# Let's Talk About Death - Your Death



## Ed Walsh (Dec 17, 2022)

Greetings Pilgrims,

*A word on my qualifications to talk about death.*​
My Introduce Yourself post was on April 15th, 2015. Since then, I've made 2,502 posts and have received nearly that many reactions. And it occurred to me tonight that I don't think that I ever posted on the subject of death and dying--and that is very strange. Let me explain.

I first came to "know God, or rather to be known by God" (Galatians 4:9) when I was 20. I am now 71. Since then, there is no subject that I have spent more time meditating on, or reading about, than my death. Just ask my wife, and she'll tell you I drive her totally crazy with the subject. The best way I can illustrate this to you is to tell you about the first year of my salvation and this past week. I'll leave it to your imagination to fill in the 51 years in between. 

As a brand new Christian, I would often visit a cemetery and pray and meditate about everything, but especially about my coming death and how it could come suddenly before I take my next breath. I've had a difficult time for the past month or so, but the point I want to make is where I turned for encouragement this past week. Any guesses? Give up? In the past week, I read all 12 chapters of Ecclesiastes three times, stopping to meditate and study a verse here and there, but mainly just taking it all in. The first time I was completely alone on the Appalachian Trail and read through all 12 verses at one time. And something so neat happened when I read the very last verse of the last chapter. I was smiling ear to ear and fantasized, thinking, "Wouldn't it be wonderful if the Lord took me right now? How utterly appropriate that would be."
Perhaps Spurgeon said it best:
“He who does not prepare for death is more than an ordinary fool. He is a madman. Seek grace to live, therefore, as one prepared to die temporally, and to die as one prepared to live eternally."

Well, I've said too much already, so I'm going to turn it over to what I think is a relatively obscure portion from the Westminster divines' Directory for the Public Worship of God. Did you know that in the ten years they deliberated on the Standards, the first order of business was this directory on the public worship of God?

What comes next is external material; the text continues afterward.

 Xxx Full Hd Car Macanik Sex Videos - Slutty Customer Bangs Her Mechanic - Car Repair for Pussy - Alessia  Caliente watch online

*Concerning Visitation of the Sick *​
It is the duty of the minister not only to teach the people committed to his charge in public, but privately; and particularly to admonish, exhort, reprove, and comfort them, upon all seasonable occasions, so far as his time, strength, and personal safety will permit.

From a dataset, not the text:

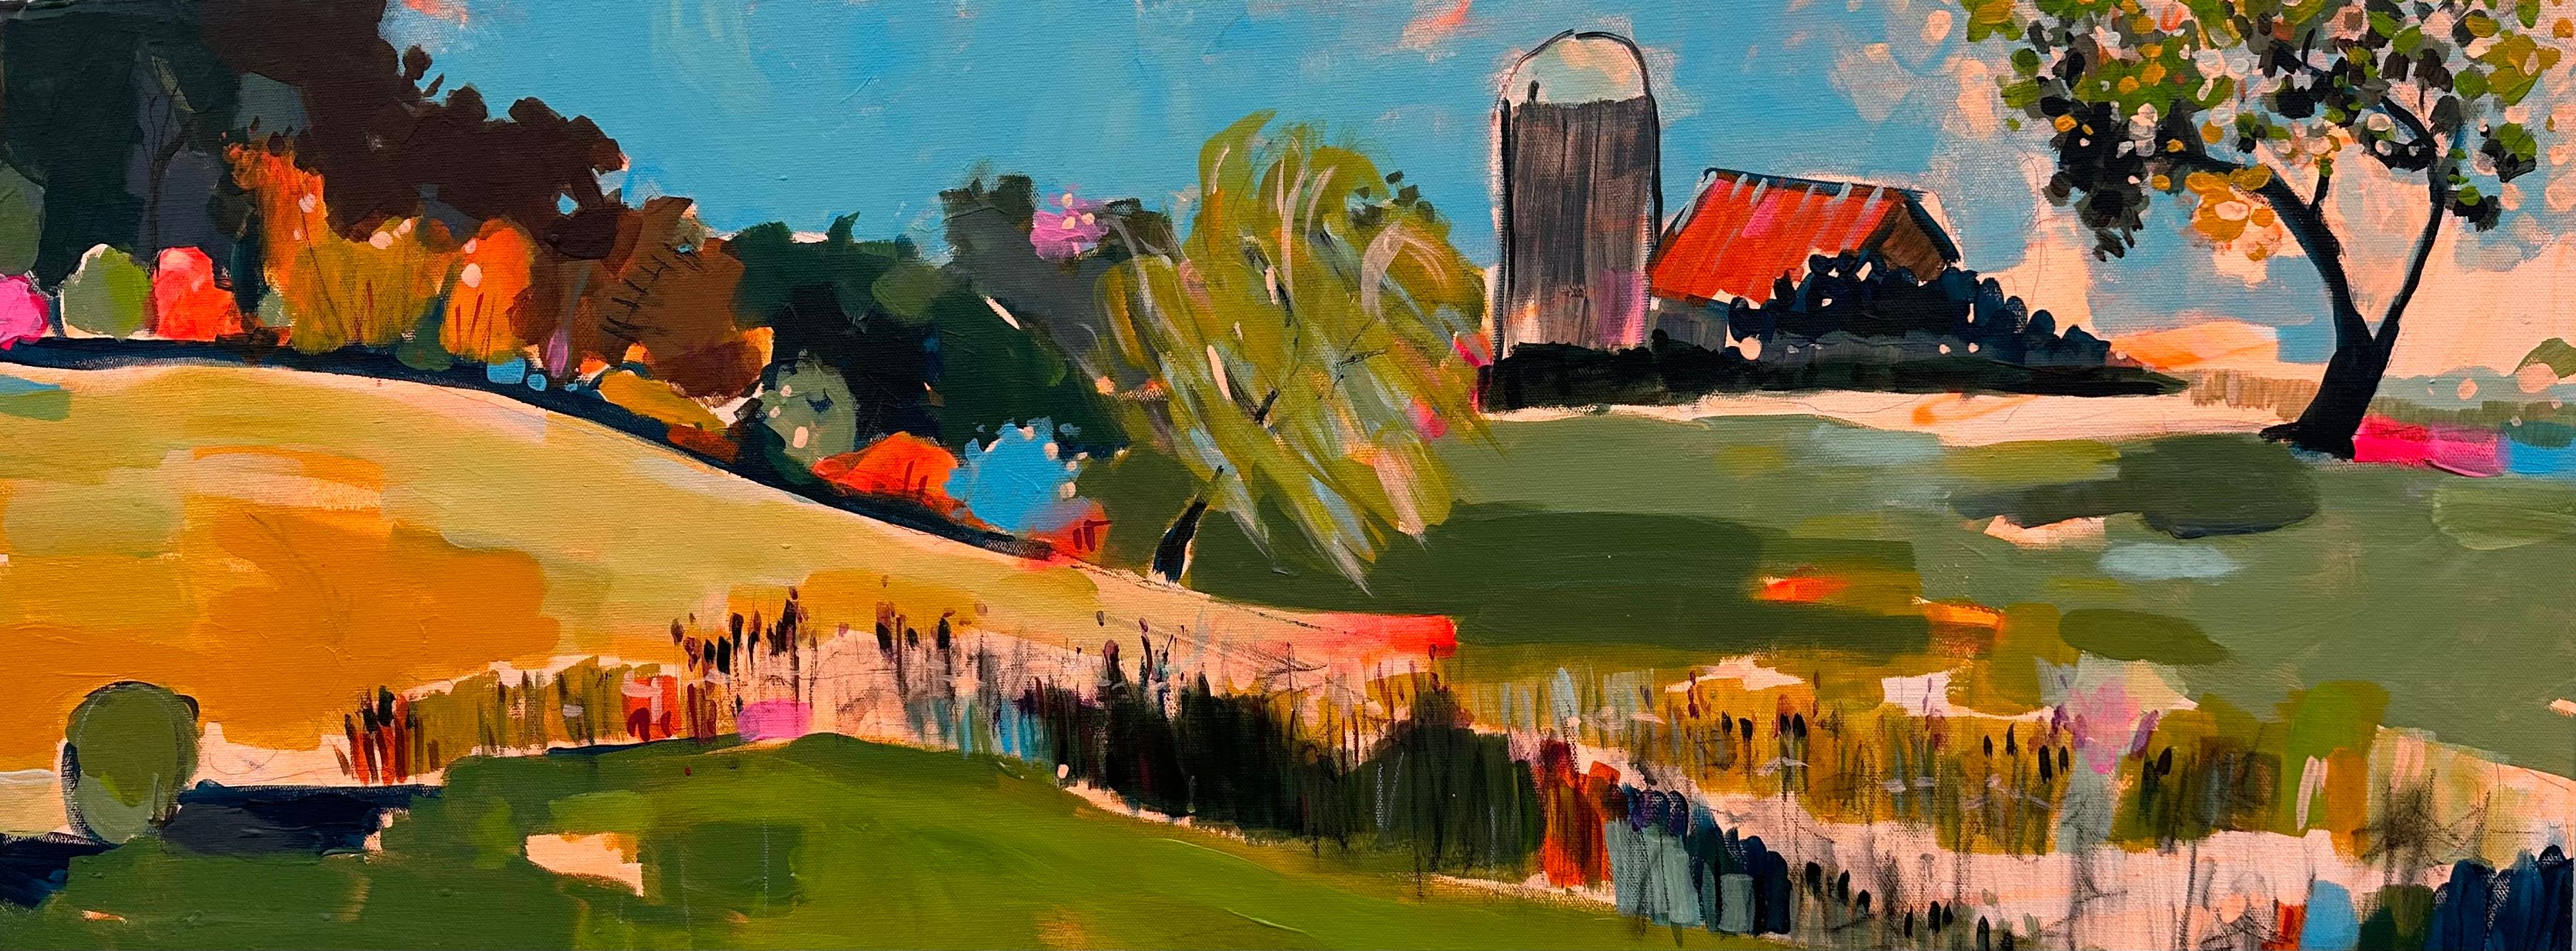 Summertime Rural Farm, Original Painting - Art by Rebecca Klementovich

He is to admonish them, in time of health, to prepare for death; and, for that purpose, they are often to confer with their minister about the estate of their souls; and, in times of sickness, to desire his advice and help, timely and seasonably, before their strength and understanding fail them.

Times of sickness and affliction are special opportunities put into his hand by God to minister a word in season to weary souls: because then the consciences of men are or should be more awakened to bethink themselves of their spiritual estate for eternity; and Satan also takes advantage then to load them more with sore and heavy temptations: therefore the minister, being sent for, and repairing to the sick, is to apply himself, with all tenderness and love, to administer some spiritual good to his soul, to this effect.

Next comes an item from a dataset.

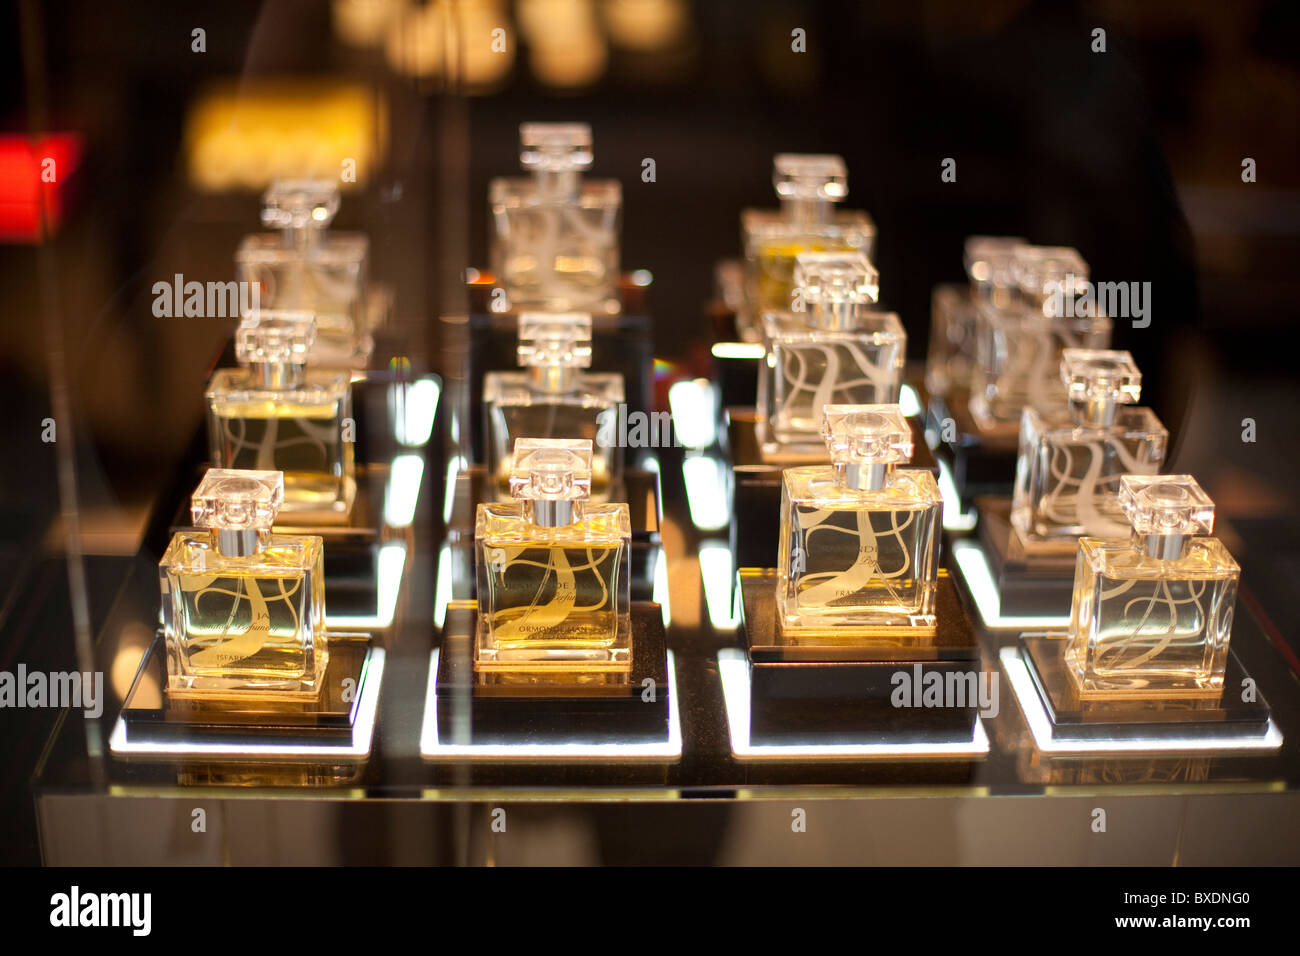 Ormonde Jayne perfume bottles. Stock Photo

He may, from the consideration of the present sickness, instruct him out of scripture, that diseases come not by chance, or by distempers of body only, but by the wise and orderly guidance of the good hand of God to every particular person smitten by them. And that, whether it be laid upon him out of displeasure for sin, for his correction and amendment, or for trial and exercise of his graces, or for other special and excellent ends, all his sufferings shall turn to his profit, and work together for his good, if he sincerely labour to make a sanctified use of God’s visitation, neither despising his chastening, nor waxing weary of his correction.

If he suspect him of ignorance, he shall examine him in the principles of religion, especially touching repentance and faith; and as he seeth cause, instruct him in the nature, use, excellency, and necessity of those graces: as also touching the covenant of grace; and Christ the Son of God, the Mediator of it; and concerning remission of sins by faith in him.

He shall exhort the sick person to examine himself, to search and try his former ways, and his estate towards God.
And if the sick person shall declare any scruple, doubt, or temptation that are upon him, instructions and resolutions shall be given to satisfy and settle him.

If it appear that he hath not a due sense of his sins, endeavours ought to be used to convince him of his sins, of the guilt and desert of them; of the filth and pollution which the soul contracts by them; and of the curse of the law, and wrath of God, due to them; that he may be truly affected with, and humbled for them: and withal make known the danger of deferring repentance, and of neglecting salvation at any time offered; to awaken his conscience, and rouse him up out of a stupid and secure condition, to apprehend the justice and wrath of God, before whom none can stand, but he that, lost in himself, layeth hold upon Christ by faith.

If he hath endeavoured to walk in the ways of holiness, and to serve God in uprightness, although not without many failings and infirmities; or if his spirit be broken with the sense of sin, or cast down through want of the sense of God’s favour; then it will be fit to raise him up, by setting before him the freeness and fulness of God’s grace, the sufficiency of righteousness in Christ, the gracious offers in the gospel, that all who repent, and believe with all their heart in God’s mercy through Christ, renouncing their own righteousness, shall have life and salvation in him. It may be also useful to show him, that death hath in it no spiritual evil to be feared by those that are in Christ, because sin, the sting of death, is taken away by Christ, who hath delivered all that are his from the bondage of the fear of death, triumphed over the grave, given us victory, is himself entered into glory to prepare a place for his people: so that neither life nor death shall be able to separate them from God’s love in Christ, in whom such are sure, though now they must be laid in the dust, to obtain a joyful and glorious resurrection to eternal life.
Advice also may be given, as to beware of an ill-grounded persuasion on mercy, or on the goodness of his condition for heaven, so to disclaim all merit in himself, and to cast himself wholly upon God for mercy, in the sole merits and mediation of Jesus Christ, who hath engaged himself never to cast off them who in truth and sincerity come unto him. Care also must be taken, that the sick person be not cast down into despair, by such a severe representation of the wrath of God due to him for his sins, as is not mollified by a sensible propounding of Christ and his merit for a door of hope to every penitent believer.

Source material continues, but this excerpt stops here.